ML is the bee's knees.
PS-I just looked up the etymology on 'the bee's knees' and it's moderately interesting:
https://en.wiktionary.org/wiki... [wiktionary.org]
Re: (Score:2)
>> What kind of news company is Yahoo when they have to make their own press releases on Tumblr.
I think Couric was busy covering the Kardashians' newest pet.
Somewhat outdated (Score:3)
Haven't been to yahoo since. My reasons for going have been either A) removed; or B) made untrustworthy.
Icing on the cake? For about a week I kept trying to get the comics page, hoping it was a mistake. Then my google newsfeed told me that yahoo had deliberately deleted it. Not yahoo news, google news. Good job, yahoo.
Re: (Score:2)
Forbes and Yahoo seem to be the leading attack point for virus entry. I consistently read about, so you might be very lucky
and to cite sources :
Forbes https://www.hackread.com/forbe... [hackread.com]

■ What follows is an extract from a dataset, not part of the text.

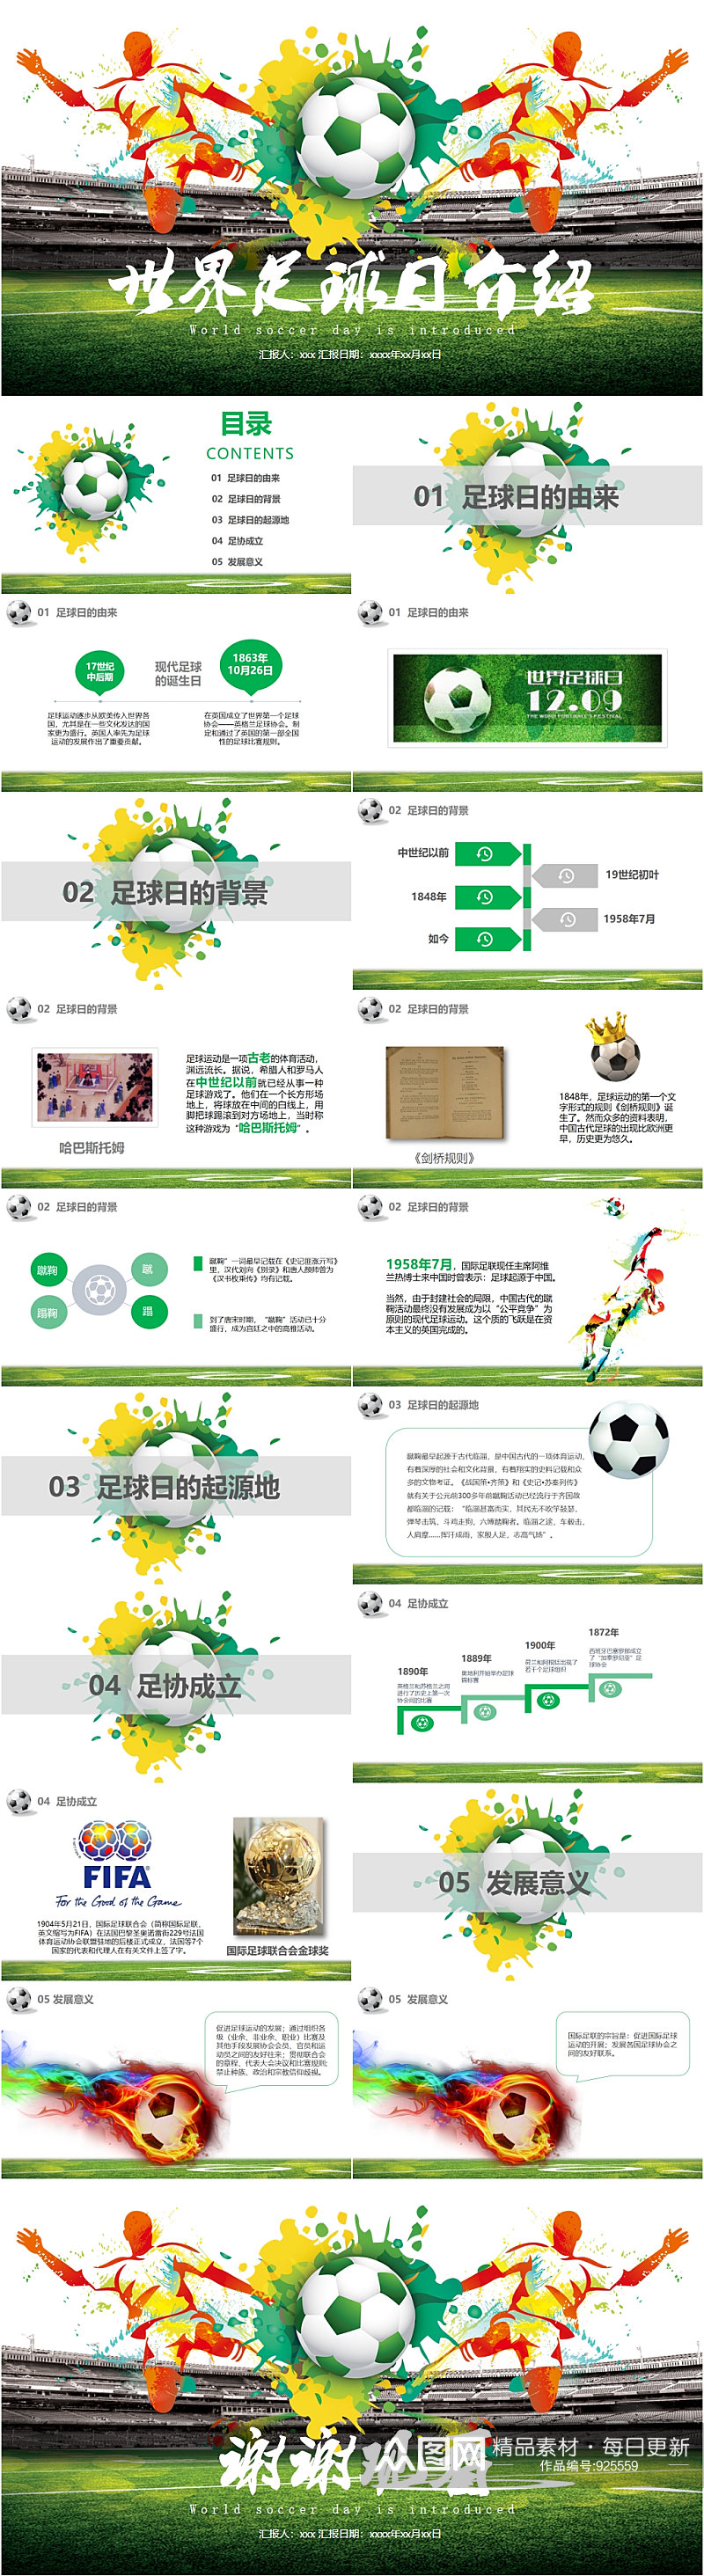 青春世界足球日体育运动介绍PPT模板素材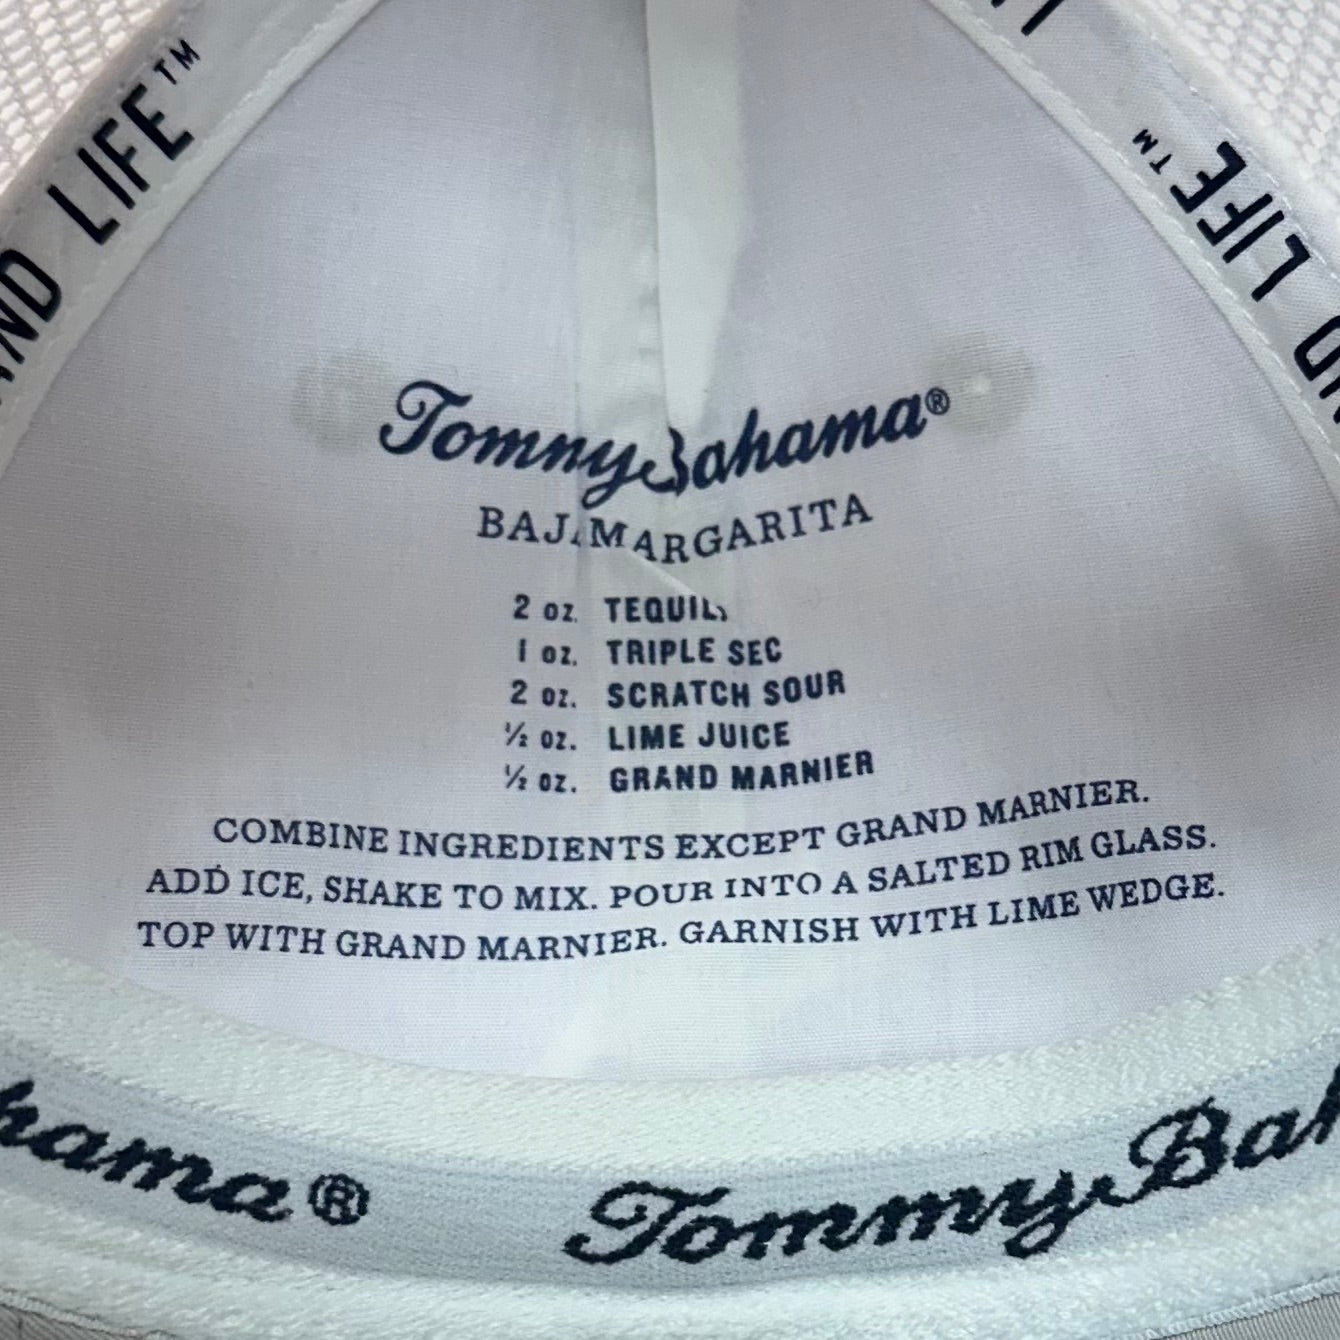 Gorra Tommy Bahama🦈 color gris y blanco con logotipo en color blanco

and yahoo's https://blog.malwarebytes.org/... [malwarebytes.org]
SideNote: Yahoo's finance page was considered on of the best until recently ( sorry no source to cite ), so I am going to guess that a new attack point will show up in due time
Re: (Score:2)
Um.... that DOES sound like a good idea. Maybe not for Yahoo stockholders, but for anyone who wants free video without those annoying ads...
Not going to be anonymous for long. (Score:2)
My evil AI machine learning algorithms should have this problem licked post haste.
how_not_to_build_a_news_site.zip (Score:2)
The file is named "how_not_to_build_a_news_site.zip"
I'm guessing the university email address requirement is because they don't want someone using the data for commercial purposes, and ending up becoming as successful as Yahoo currently is...
It's nice of them to look out for us like that.
I humbly request the wisdom of the Cube and Xalton (Score:1)
How many SOMADs will this dataset create? I shudder to contemplate what pure depravities will be distilled from these "interactions."
"Anonymized Data" (Score:2)
>> 110 billion interactions from 20 million Yahoo News users in 1.5TB of zipped data. The anonymized data
Which will be DE-anonymized in 3...2...1...
Re: (Score:2)
Yeah, I recall when AOL released some anonymized data about 10 years ago, and it was de-anonymized pretty quickly.